Token indices sequence length is longer than the specified maximum sequence length for this
model (630 > 512). Running this sequence through the model will result in indexing errors
Exception in thread parse_chunks:
Traceback (most recent call last):
  File "/home1/malouf/.pyenv/versions/3.11.3/lib/python3.11/threading.py", line 1038, in 
_bootstrap_inner
    self.run()
  File "/home1/malouf/batch/treebank/threadpipe.py", line 113, in run
    for tag, result in zip(tags, self.function(items)):
  File "/home1/malouf/batch/treebank/parse.py", line 125, in parse_chunks
    for doc_id, doc in zip(
  File 
"/home1/malouf/.pyenv/versions/treebank/lib/python3.11/site-packages/stanza/pipeline/core.py", 
line 456, in stream
    batch = self.bulk_process(batch, *args, **kwargs)
            ^^^^^^^^^^^^^^^^^^^^^^^^^^^^^^^^^^^^^^^^^
  File 
"/home1/malouf/.pyenv/versions/treebank/lib/python3.11/site-packages/stanza/pipeline/core.py", 
line 433, in bulk_process
    return self.process(docs, *args, **kwargs)
           ^^^^^^^^^^^^^^^^^^^^^^^^^^^^^^^^^^^
  File 
"/home1/malouf/.pyenv/versions/treebank/lib/python3.11/site-packages/stanza/pipeline/core.py",
line 422, in process
    doc = process(doc)
          ^^^^^^^^^^^^
  File
"/home1/malouf/.pyenv/versions/treebank/lib/python3.11/site-packages/stanza/pipeline/processor.
py", line 258, in bulk_process
    self.process(combined_doc) # annotations are attached to sentence objects
    ^^^^^^^^^^^^^^^^^^^^^^^^^^
  File
"/home1/malouf/.pyenv/versions/treebank/lib/python3.11/site-packages/stanza/pipeline/pos_proces
sor.py", line 84, in process
    batch.doc.set([doc.UPOS, doc.XPOS, doc.FEATS], [y for x in preds for y in x])   
  File
"/home1/malouf/.pyenv/versions/treebank/lib/python3.11/site-packages/stanza/models/common/doc.p
y", line 254, in set
    assert (to_token and self.num_tokens == len(contents)) or self.num_words == len(contents),
\
                                                              ^^^^^^^^^^^^^^^^^^^^^^^^^^^^^^^
AssertionError: Contents must have the same length as the original file.
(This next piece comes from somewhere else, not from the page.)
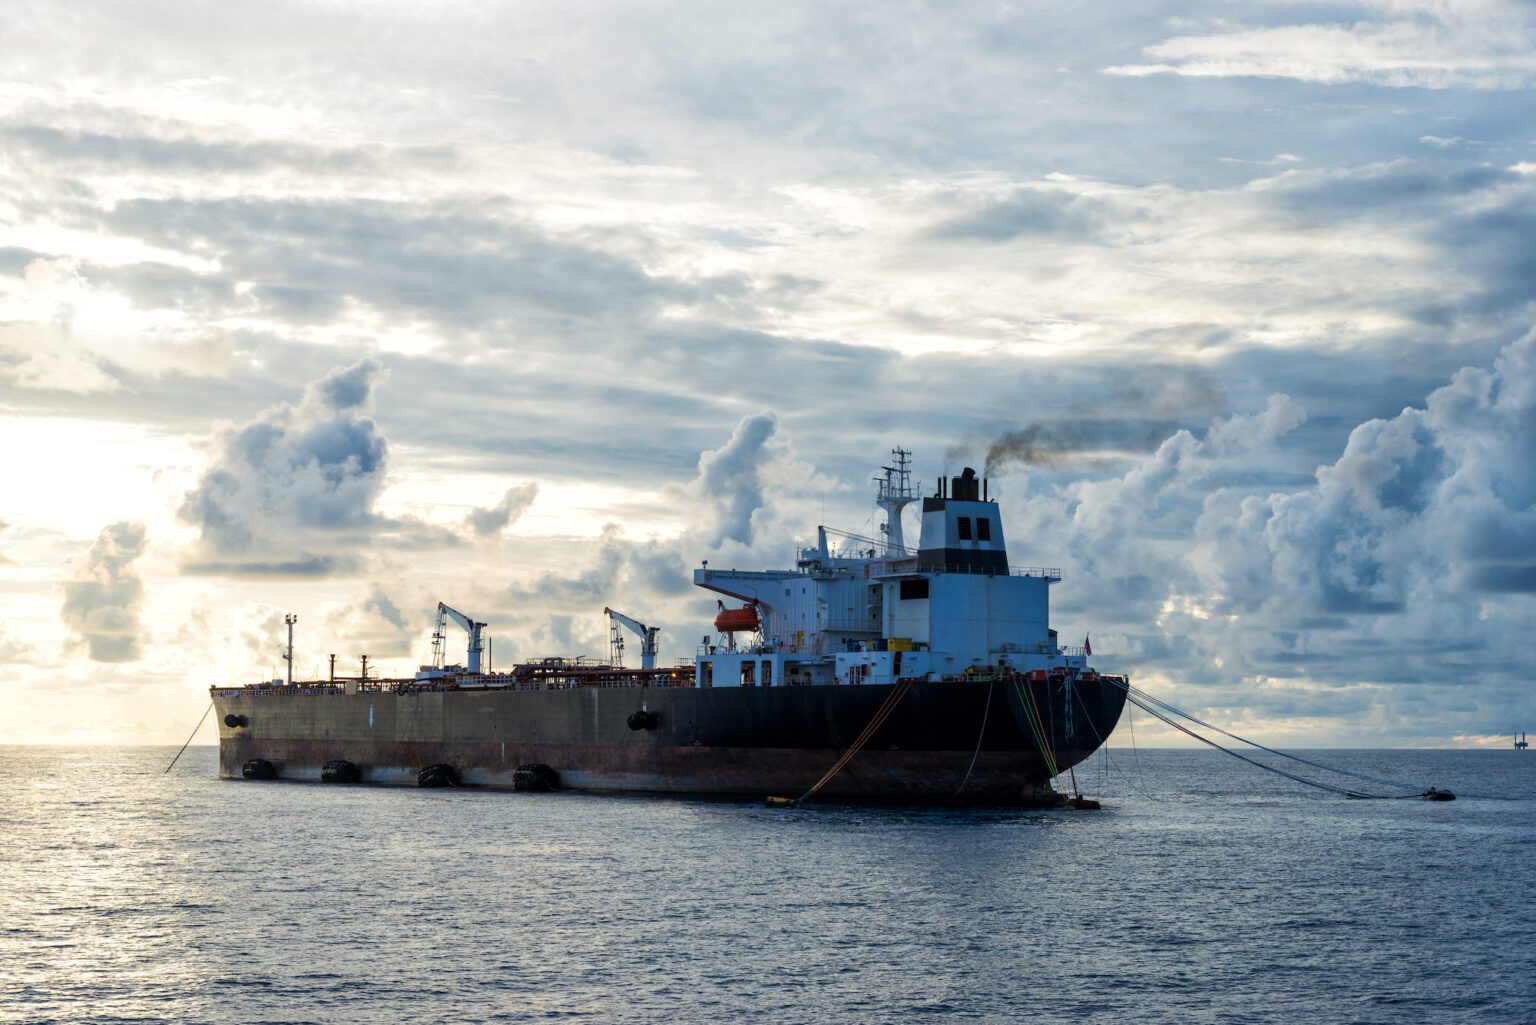 Al Jazeera: The shipment of oil to Europe has decreased

Environment (please complete the following information):

OS: MacOS 14.0
Python version: Python 3.11.3
Stanza version: 1.6.1 (and transformers 4.34.0)

AngledLuffa commented 11 months ago

Yes, this is a known issue. We either need to use a transformer that allows a bigger window, or in some way combine representations to get decent results from a longer sentence. The biggest reason we can't simply use two consecutive iterations of the transformer is the second half of the sequence would treat a word in the middle of the sentence as the start of the sentence, considering the way the transformer positional encodings work.
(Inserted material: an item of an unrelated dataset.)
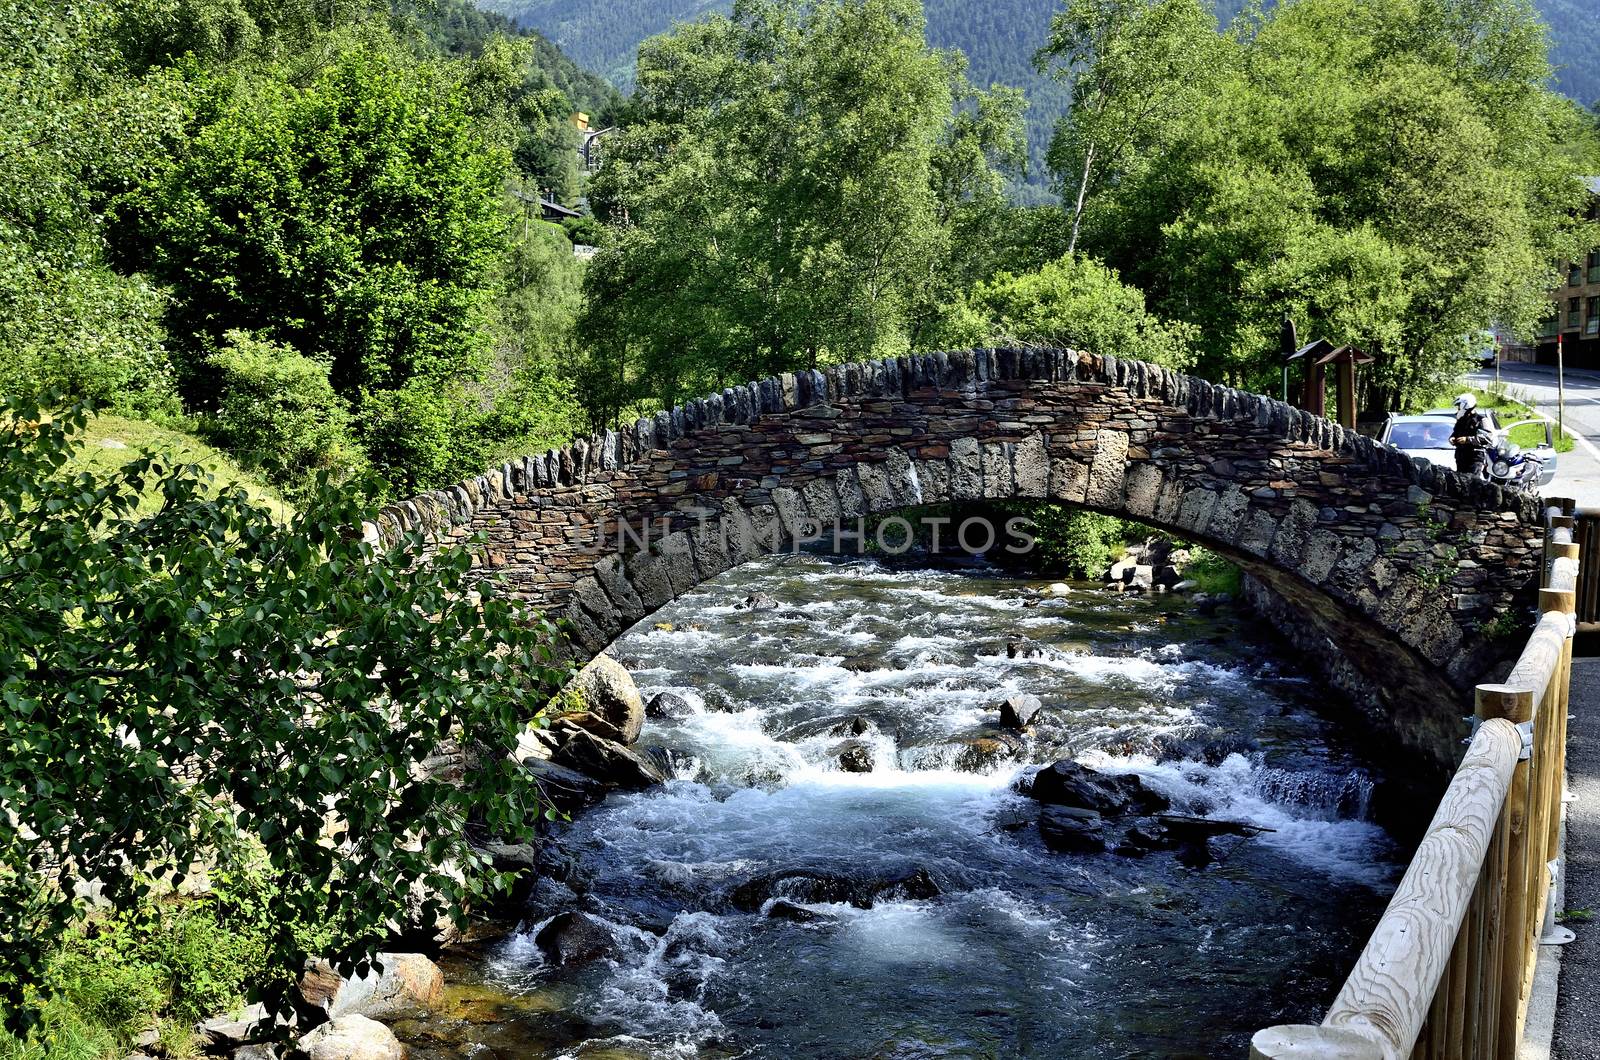 Roman Bridge located in the Ordino region of Andorra

We hope to address this by the end of the year, but there are several things in our task list which need handling. A simple enough stopgap might be to fall back to the non-transformer model for sentences which are too long. In the meantime, you might consider discarding sentences which are that long.

rmalouf commented 11 months ago

I'd be fine with truncating or discarding long sentences for now, but unfortunately I can't tell that they're too long until after the text is tokenized. Is there an easy built-in way to truncate sentences mid-pipeline, or will I need to add a custom processor?
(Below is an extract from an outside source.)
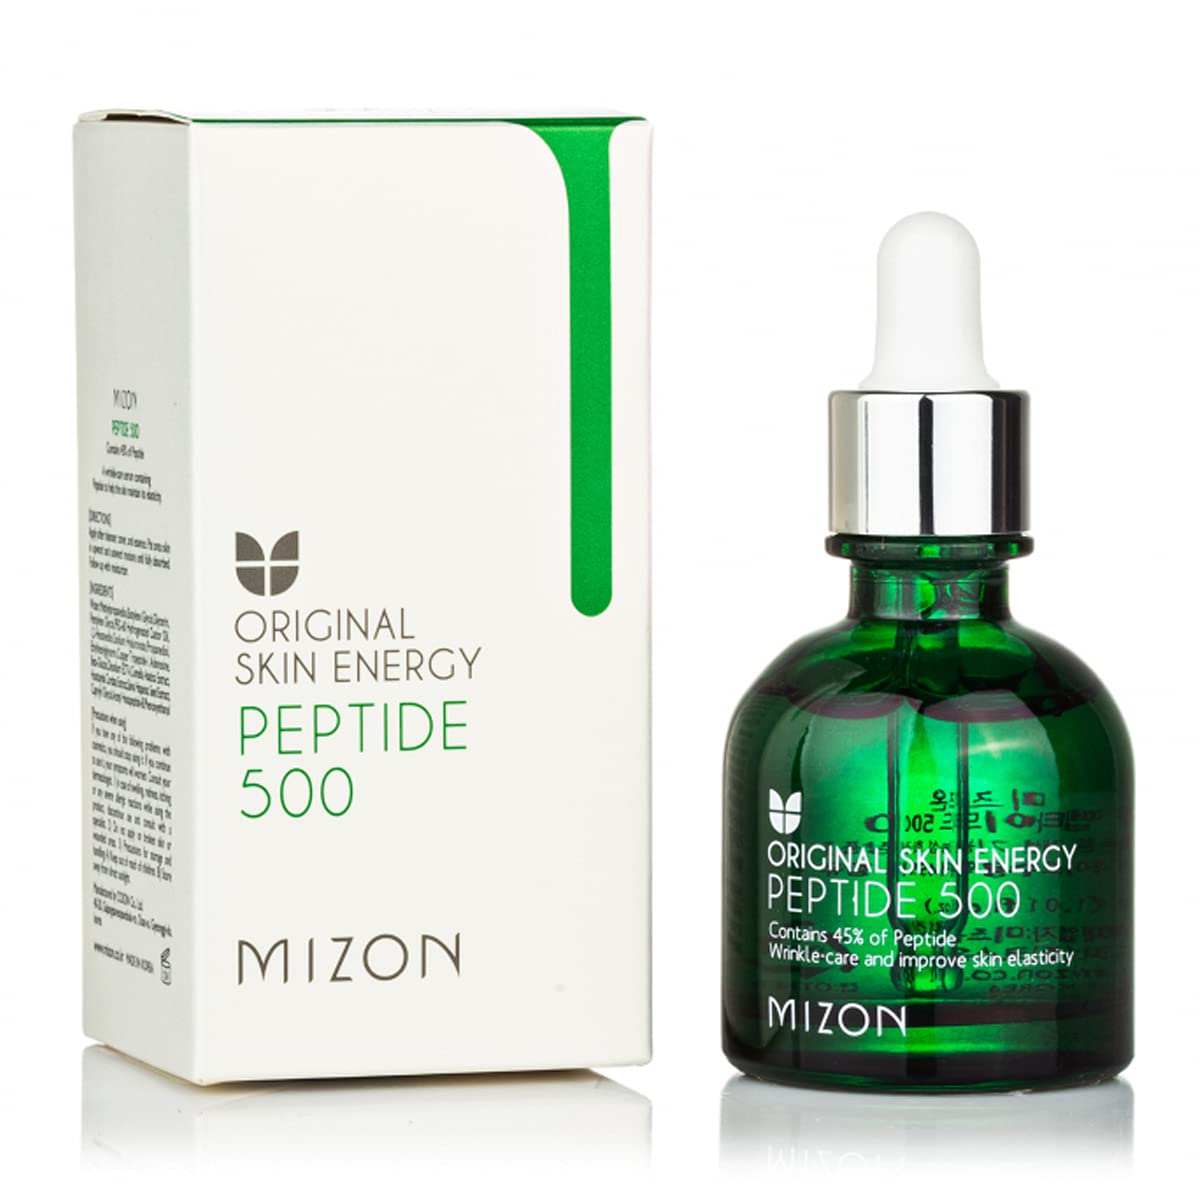 Пептидная антивозрастная сыворотка Mizon Original Skin Energy Peptide 500 - 30 ml

AngledLuffa commented 11 months ago

I've got a rather high priority thing to work on today and tomorrow, but I can try to have a thing ready by Friday which at least avoids the crash

On Mon, Oct 9, 2023 at 12:13 PM Rob Malouf @.***> wrote:

I'd be fine with truncating or discarding long sentences for now, but unfortunately I can't tell that they're too long until after the text is tokenized. Is there an easy built-in way to truncate sentences mid-pipeline, or will I need to add a custom processor?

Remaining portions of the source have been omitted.